6.2.2 Les préférences et le caractère des résidents

Comme il vient d’en être question, les soignants peuvent souligner la maladie comme cause de la résistance, mais cela apparait aussi comme une raison limitée par rapport à la complexité de ces comportements. Adella précise à propos des résistances aux soins de quelques résidents : « Ce n’est pas tout le temps… Ce n’est pas avec tout le monde. C’est quelques personnes qui sont comme ça. Parce que je peux aimer une personne et la personne ne peut pas m’aimer ». Puis, elle mentionne que lorsqu’il y a des affinités entre un résident et un membre du personnel, les soins peuvent se dérouler sans problème :

C’est comme tout le monde. Toi, moi, peut-être que je t’aime et que tu ne m’aimes même pas et ça c’est normal. Peut-être que c’est ça aussi. Il y a des chimies avec des résidents. Maintenant, on a une madame dans un étage. La madame est agressive. Elle crie, elle est difficile. […] La seule préposée qui peut la calmer et qui l’aime, c’était moi. Personne… Elle grafigne et tout. Mais elle me voit et elle est toute calmée. Elle m’embrasse. Tu vois… Elle m’aime, mais il y a des préposés qu’elle n’aime pas. On ne sait pas pourquoi, mais… C’est comme la chimie. Il y a de la chimie entre des personnes. Elle m’aime bien.

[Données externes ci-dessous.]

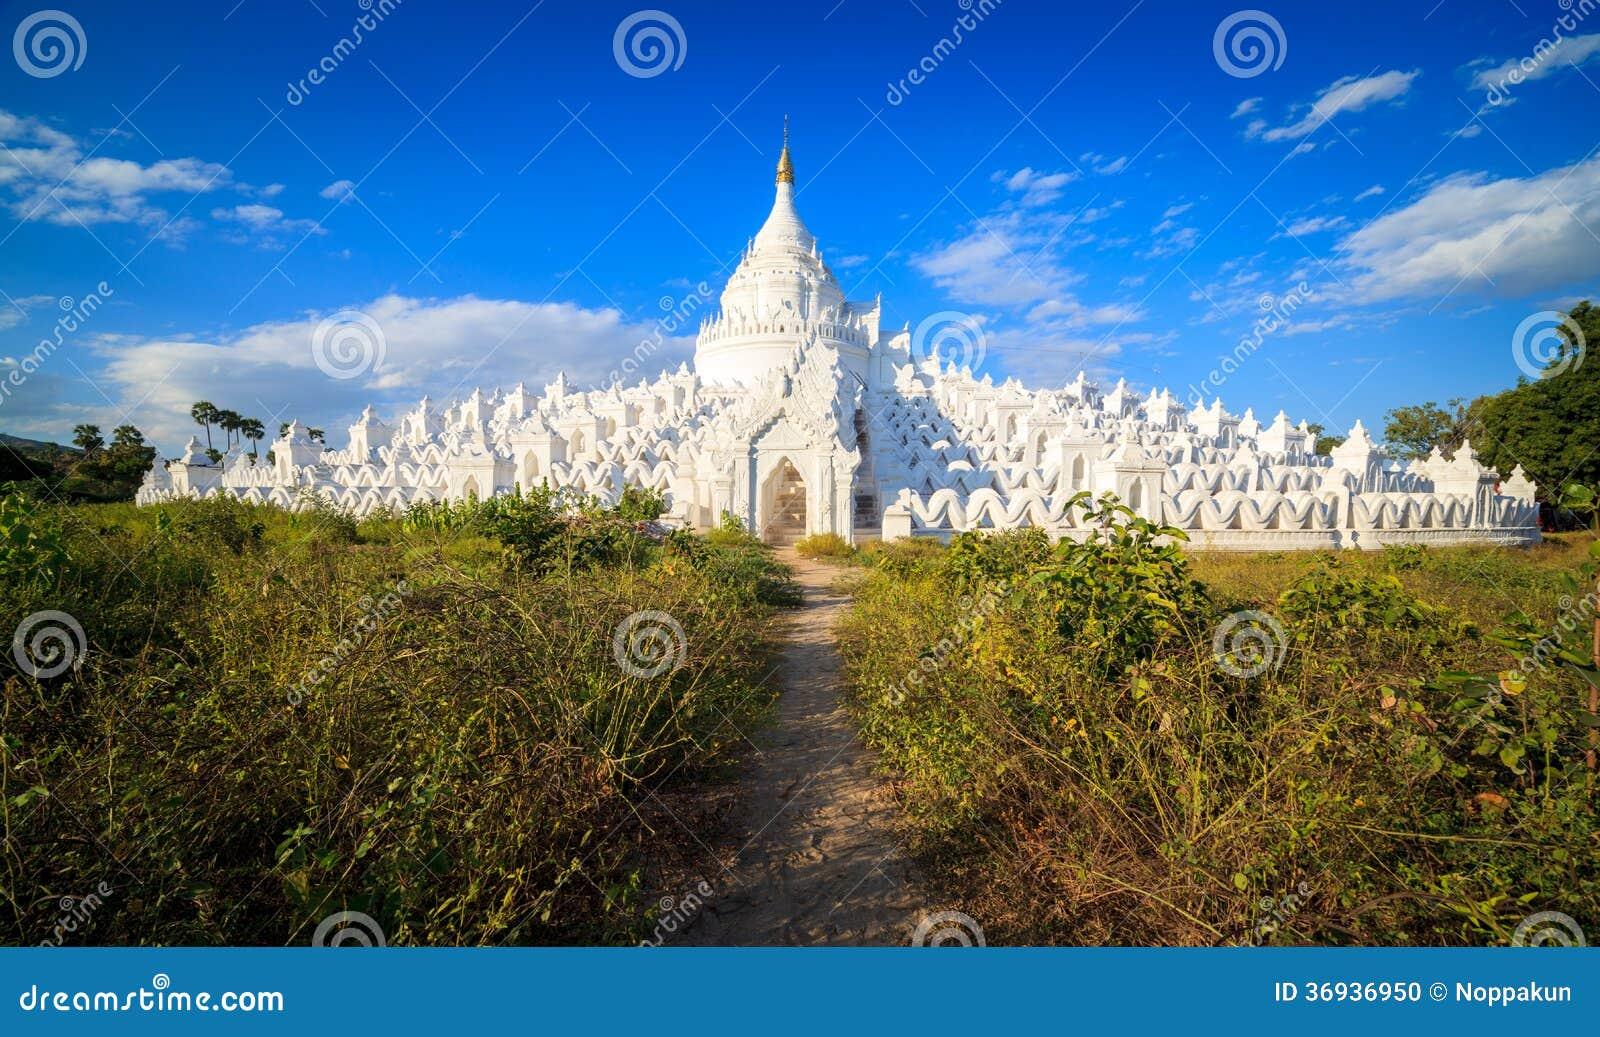 Panorama von Hsinbyume-Pagode, Mingun, Mandalay, Myanmar

L’employée laisse alors croire que les relations qui se développent entre les résidents et les employés peuvent teinter le déroulement des soins, positivement ou négativement, et ainsi réduire ou amplifier les comportements résistants. Cette vision est partagée par une autre employée :

Des fois, il y a des résidents qui sont agressifs. On rentre dans sa chambre et il commence à crier, des choses comme ça. Je pense que si tu rentres tranquille, que tu commences à parler tranquillement, des fois, ça change. Des fois, c’est notre réaction aussi. Si la personne commence à rire, on commence à rire aussi. Pour moi, c’est avec les autres… Même s’il y a des résidents qui sont agressifs, non, je suis correcte. Je rentre dans sa chambre. Je fais tout tranquillement en faisant attention. C’est correct (Isabel).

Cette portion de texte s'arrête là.